Though Santa's given him a bit of advice about the real world ("When you see gum on the street, leave it there it's not free candy"), nothing has prepared Buddy for what he sees and for the fact that his dad (James Caan), a permanent resident on Santa's "naughty list," doesn't want him around. But the Christmas spirit, not to mention Buddy's uncanny knack for creating inexpensive holiday décor, ultimately prevails. By the time Buddy's new girlfriend Jovie (Zooey Deschanel, sweet as a candy cane) sings "Santa Claus Is Coming To Town," New York has become a snow-globe wonderland.
This sort of movie lives and dies on its lead character's performance if we don't like the elf, there's no point to "Elf." And Ferrell, in his extra-long yellow tights, is at his most likable here; ingratiating and fairly bouncing with enthusiasm, as if his outsize frame can barely contain his glee. He grins and shrieks and bugs out his eyes, yet it's all carefully controlled; there'd be room for another performer to step up and meet him, but nobody outside of the North Pole does so. Asner and Newhart are very funny and underutilized; Caan, who gets much more screen time, has nothing to play. (Peter Dinklage, so good in "The Station Agent," gets laughs in a brief scene but if you've seen "Elf's" ubiquitous trailer, you've seen it all.)
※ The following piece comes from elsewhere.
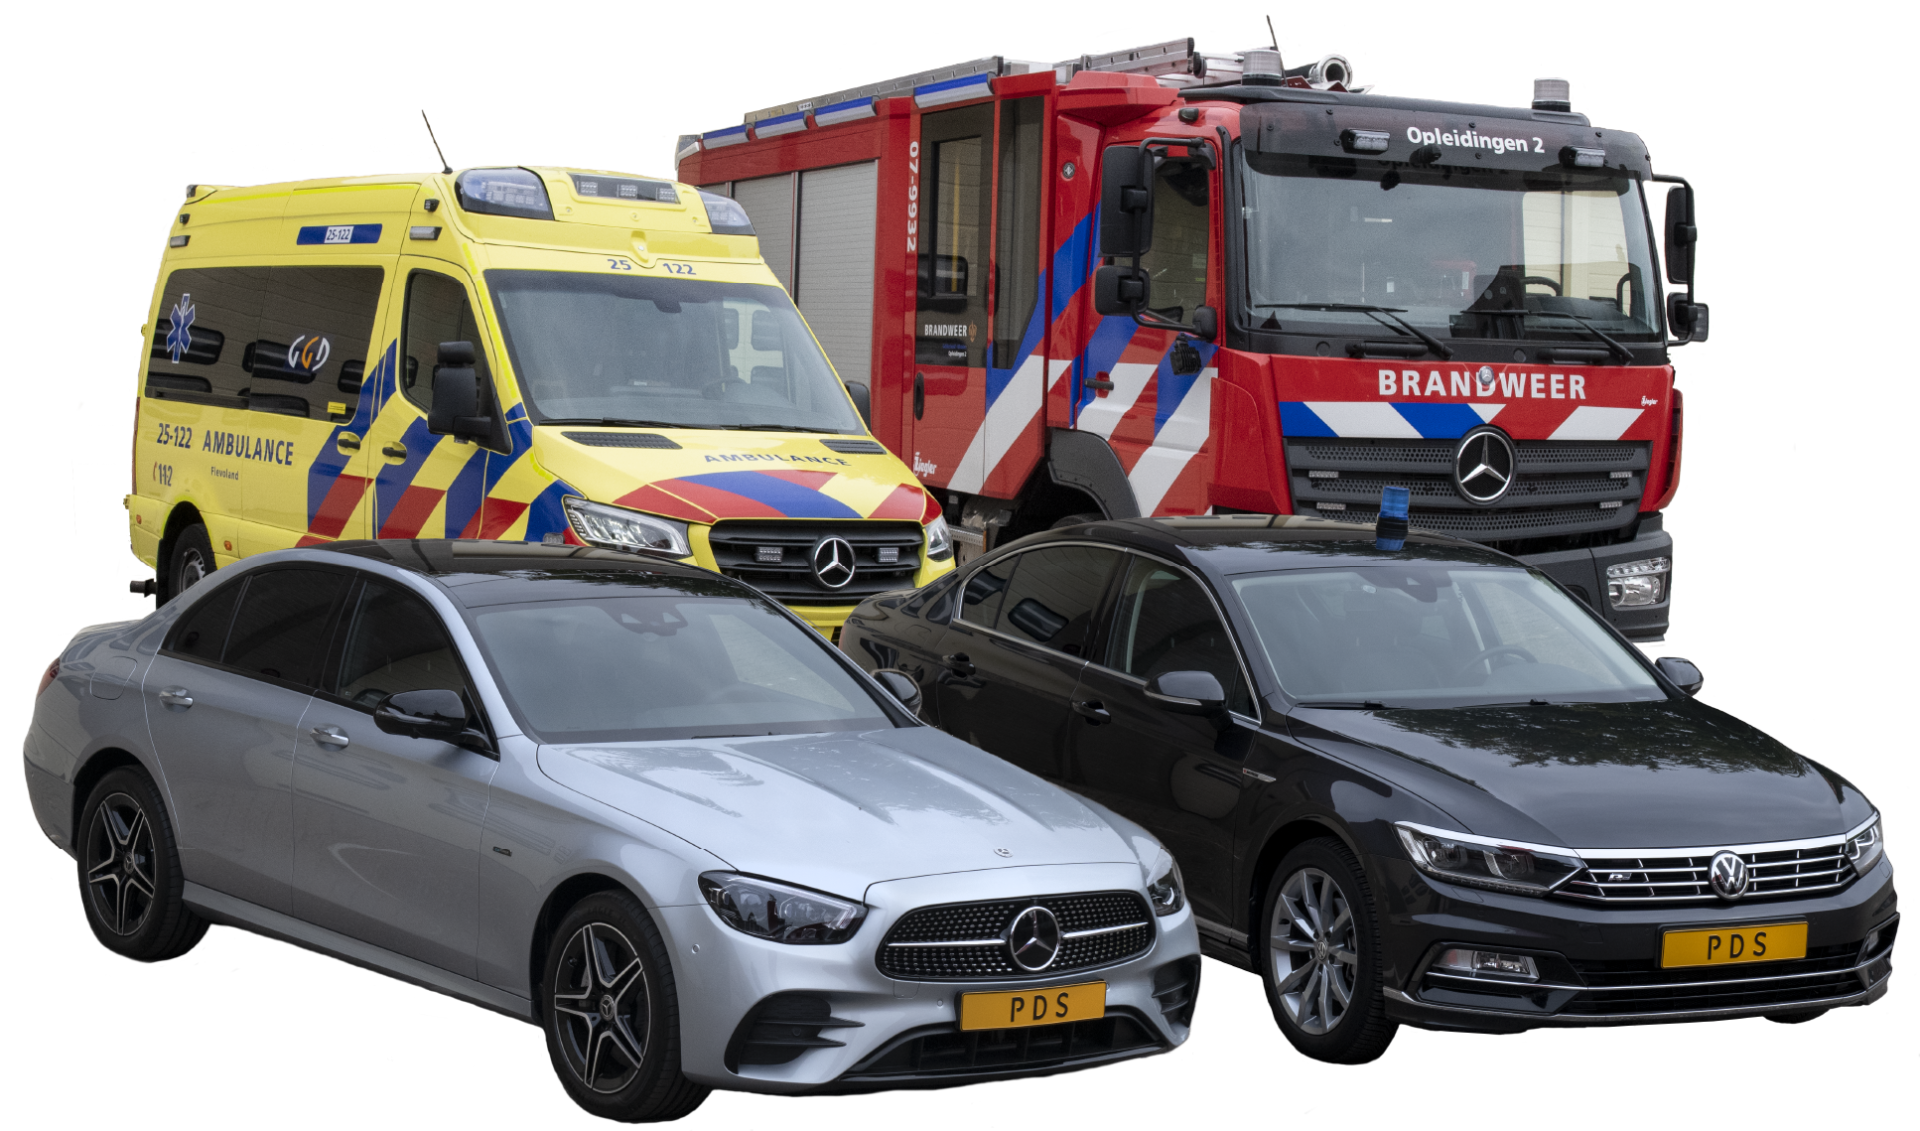 Brandweer, ambulance en luxe auto's op rij

Director Jon Favreau ("Made"), drenches the film in holiday cheer; there's a sweet nod to the animated classic "Rudolph, the Red-Nosed Reindeer," with a talking snowman who looks like Burl Ives (though he sounds more like Ray Charles). "Elf," with its muddy photography and occasional blandness, won't make you forget that film, but thanks to Ferrell, it's a tolerably sweet holiday treat.